Got a call a week ago from his teacher. Something was wrong. There was a lot of confusion and from what his teacher told me, it sounded like a simple partial seizure. Got him home from school (didn't know if he'd go into a complex partial if he stayed) and called neuro. The next afternoon, they FINALLY called me and increased his meds.
We are worried. We had been told that the chances of him having a seizure during the day were low. Now we are told that the type of seizure he had is normal. We are worried about the white spots and what those might be, if they increased, if something else has happened. Now we have to wait until May 30th for the results of this latest EEG.
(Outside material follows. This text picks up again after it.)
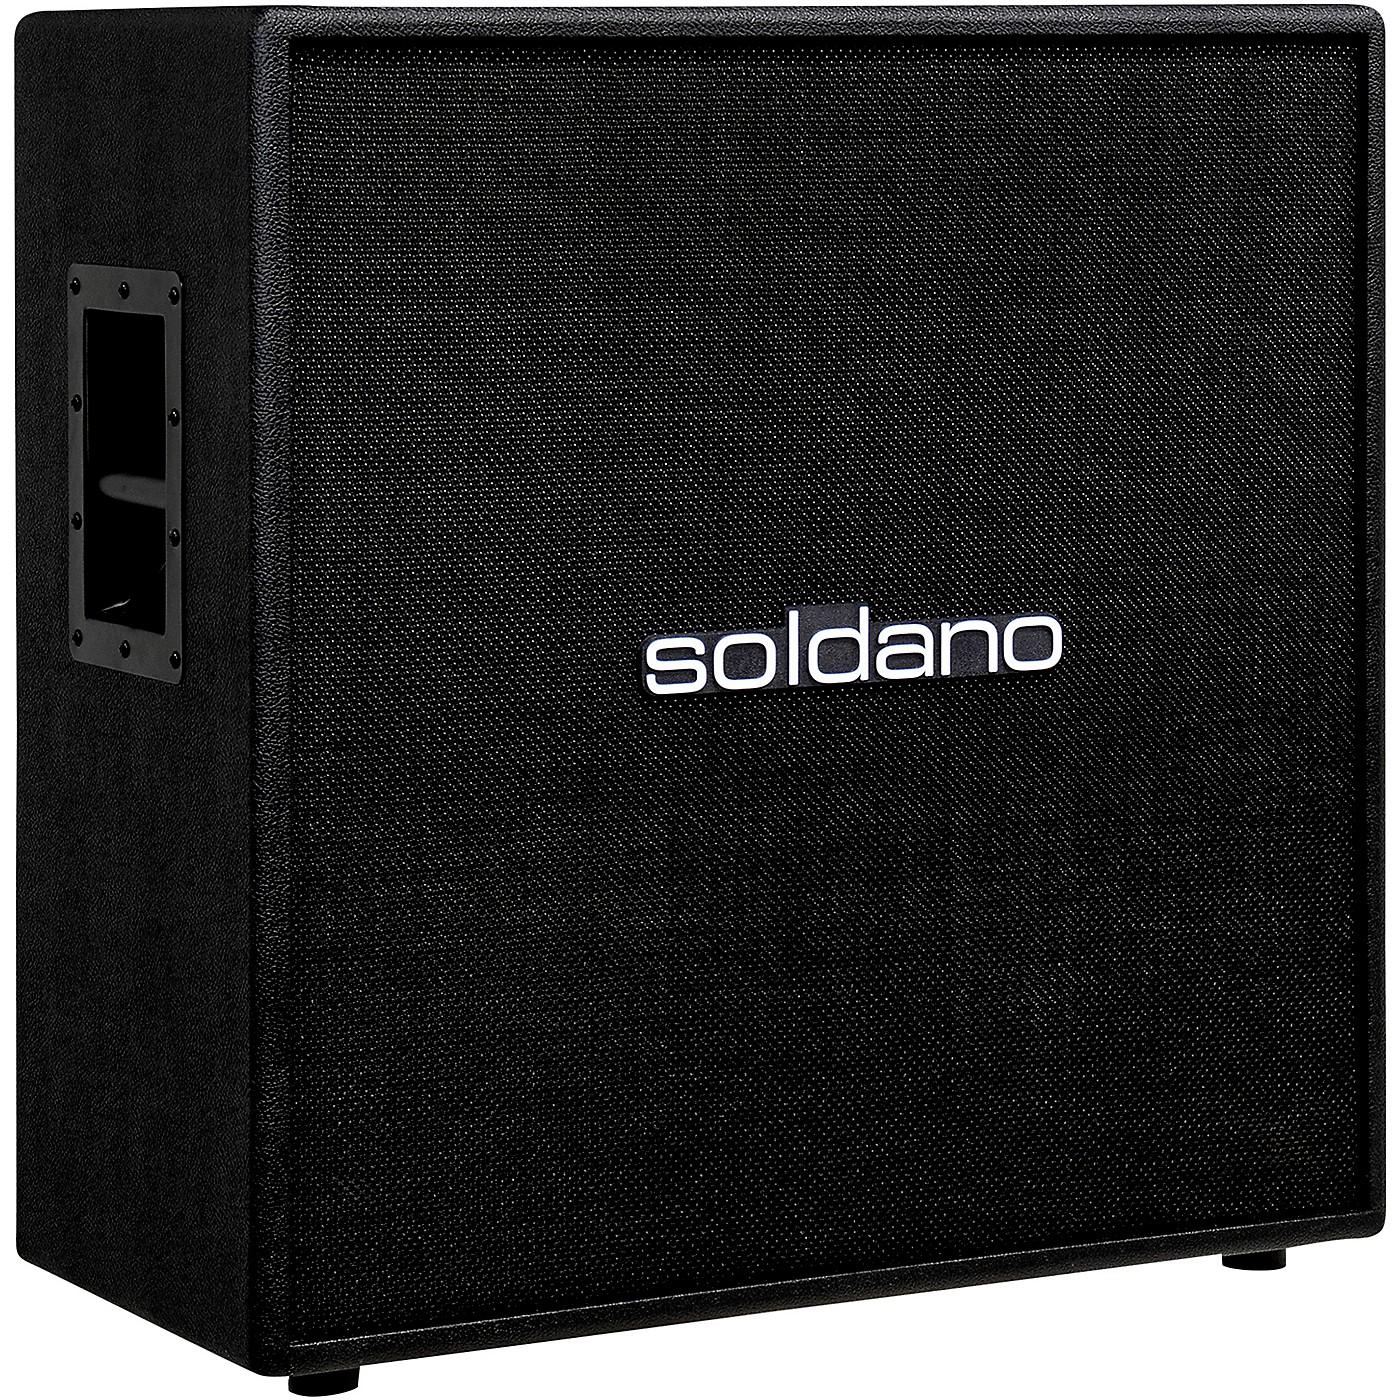 Soldano 4x12 Vintage 30 Cab thumbnail
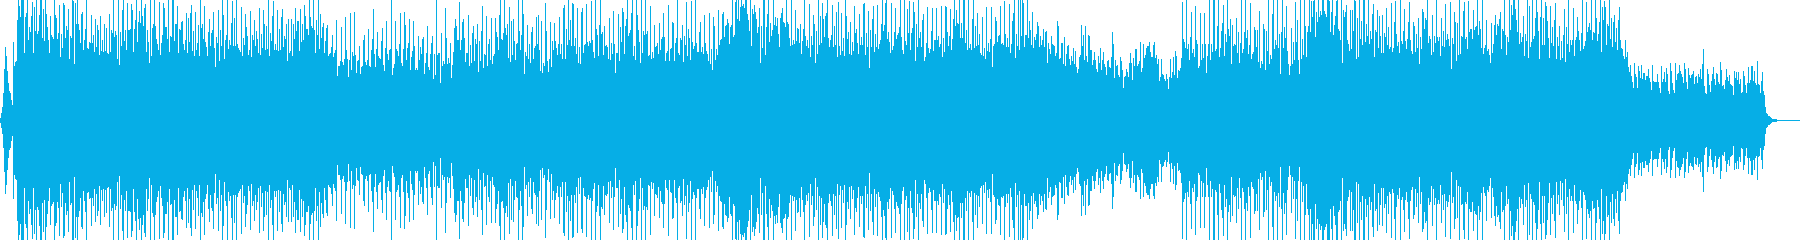 EDMポップで明るいクラブ系-15の再生済みの波形

Any words of advice? Any people out there with something similar? His EEGs during the test look awful. From looking at EEGs online, they look like he's having seizure activity all the time, but that can't be right, right? My husband said he hoped that it was just that the lines on the screen are closer together than the lines on the results we've seen online. Any words of wisdom about that?
Thanks in advance. Know it was long....thanks for anyone hanging in there to read! ;-)
I think I would be able to handle it better if it were myself. But, it's my child and that's probably the worst thing is when it's something going on with them and you can't do anything about it. We feel blessed that it's "only" this and not cancer, a deadly heart disease, or something else horrible.